Thursday 4 July 2019

Show gardens at Hampton Court Palace Garden Festival 2019

Beautiful day for the Hampton Court Palace Garden Festival - where the predominant theme over all the show gardens is the future for gardens and managed space in the face of climate change and weather extremes. Several of the others explore how gardens can help with physical and mental rehabilitation.
My personal favourites are the Stop and Pause garden, which I think brings a real sense of balance and harmony to a small garden in a very accessible way. And of course, the Drought Tolerant Garden created in homage to Beth Chatto, who died last year. This garden was attracting huge crowds today (almost more than for the RHS garden co-created by the Duchess of Cambridge) and deservedly so - the planting is beautiful throughout, just as at the original Beth Chatto gardens in Elmstead Market.

Dream of the Indianos garden, which reflects the style of the gardens created by migrants returning to northern Spain at the end of the 19th century after years in the Caribbean. 

You can see many of these gardens throughout Galicia, Asturias and Cantabria on the north coats of Spain: the signature palms, and profusion of hydrangeas and agapanthus are unmistakable markers of the historic northern Spanish garden.

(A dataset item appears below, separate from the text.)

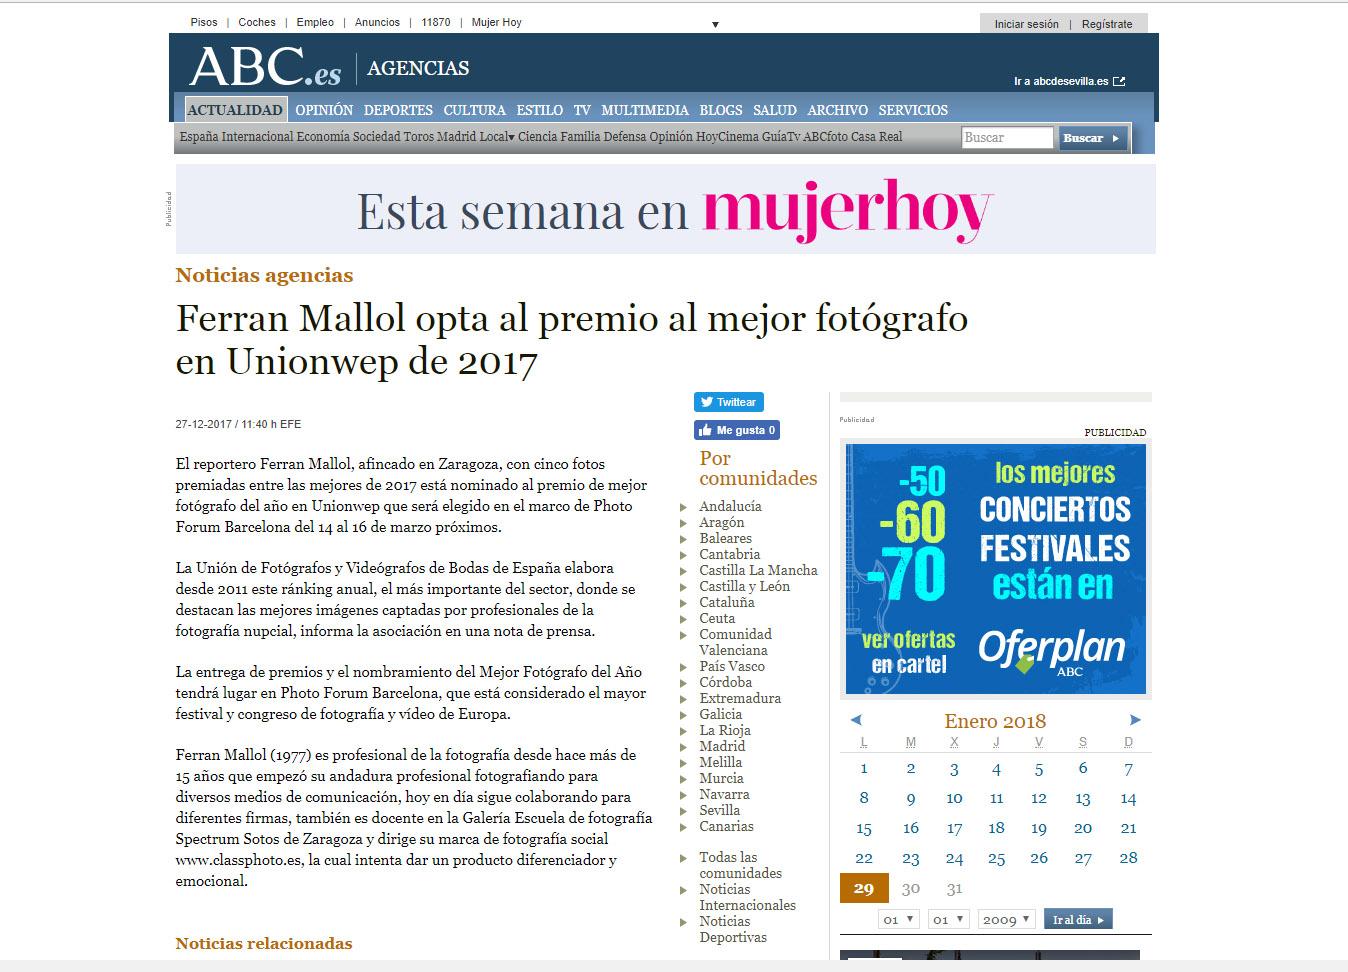 Los medios se hacen eco de nuestra nominación, ferran mallol, classphoto, fotografía de boda en Zaragoza, abc

Beautiful planting in the Drought Tolerant garden, which attracted huge crowds throughout the day.

The Drought Tolerant garden - a tribute to Beth Chatto with many of the plants echoing those in her Dry Garden.

I loved the distinctive planting, especially this juxtaposition of bright pink Astilbe and Asarum europaeum under the birch trees (if there is a tree of the show this year, it would be Betula and all its varieties)

The Stop and Pause Garden, inspired by meditation and the various ways in which it can be practised. A lovely calm space, beautifully balanced.


Now this is how to build a vertical succulent garden: a show-stopping display at Surreal Succulents in the Floral Marquee

Another garden with planting designed to adapt to increasingly dry and unpredictable conditions: fascinatingly diverse planting in the Thames Water Flourishing Future Garden. 

A beautiful, accessible space with lovely planting: the Urban Pollinator garden concentrates on plants which encourage visiting pollinators, especially bees.